Belfast Telegraph

Roger Federer keen to end year on a high

by Paul Newman

Two autumns ago in Shanghai, Andy Roddick was asked what he thought about Roger Federer's “average year”, in which the Swiss had won the US Open and reached two other Grand Slam finals.

“All I know is that if someone calls Roger ‘average' they had better be really, really, good at what they do,” Roddick said.

“People saying that has been pissing me off all year. I don't know what else the guy needs to do to get the respect that he deserves. I'll take his average year any time.”

With the world's top eight men heading for London's O2 Arena, where the year-ending Barclays ATP World Tour Finals begin this Sunday, the question will no doubt be posed again.

Almost any player in history would have settled for Federer's 2010 season, which he will end as world No 2 after winning one Grand Slam tournament, reaching the semi-finals of two others and the quarter-finals of the fourth.
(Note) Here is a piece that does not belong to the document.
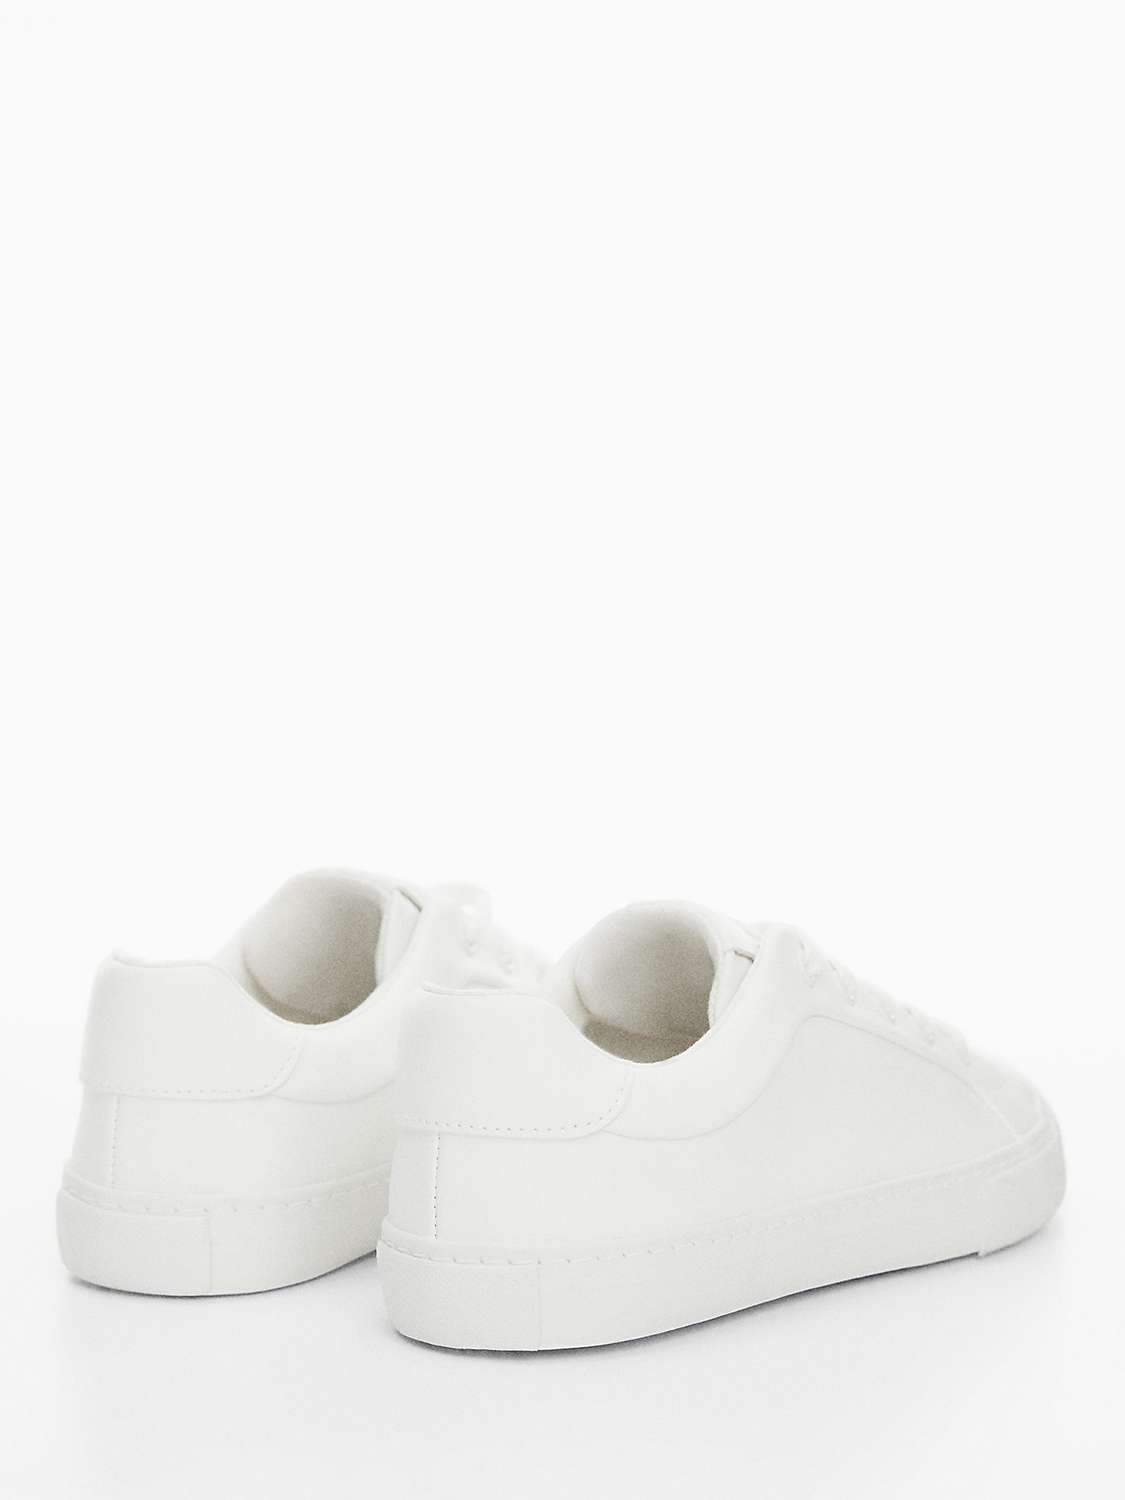 Buy Mango Kids' Adam Lace Up Trainers, White Online at johnlewis.com

However, when you have won more Grand Slam singles titles (16) and more prize money ($58.4m or £36.7m) than any other man, you are not expected to lose to opponents like Ernests Gulbis and Albert Montanes, as Federer did in Rome and Estoril respectively this year.

Having beaten Andy Murray at the start of this year in the final of the Australian Open, when he reckons he played some of the best tennis of his life, Federer saw his record run of 23 consecutive appearances in Grand Slam semi-finals end when he lost in the quarter-finals at Roland Garros to Soderling, a player he had beaten 12 times in a row.

At Wimbledon Federer nearly went out in the first round to Colombia's Alejandro Falla, who won the first two sets, before his run of seven successive finals at the All England Club was ended in the semi-finals by Berdych. Djokovic's victory at the same stage of the US Open ended his sequence of six consecutive appearances in the final at Flushing Meadows.

If Federer is concerned that his days of domination might be over he is not letting on. As the Swiss sat back in a chair in the players' lounge at last week's Paris Masters, he insisted that 2010 had been a good year, one that could have been better but for a handful of “wasted opportunities”.

Federer said: “I had match points in Miami [lost to Berdych], in Indian Wells [lost to Baghdatis] and at the US Open [lost to Djokovic].

“At Halle [lost to Hewitt] I was up 6-3, 4-4 and 0-40. If I'd won one more round each time it would have been a little bit of a different season. I've missed quite a few big opportunities, which has made my season look somewhat fragile — which it wasn't. I think it was a good season.”

Until this spring the last time Federer had lost after having a match point was the 2006 Rome Masters final against Nadal. Could he put his finger on what had changed this year? “I don't know. To be honest I don't remember any shocking matches. The shock moment was almost going out in the first round at Wimbledon.

“That for me was the one I remember the most — not knowing what to do any more, just hanging on to a thread and thinking: ‘This is not looking good here. I don't think I'll come out of this one.' But somehow I did.”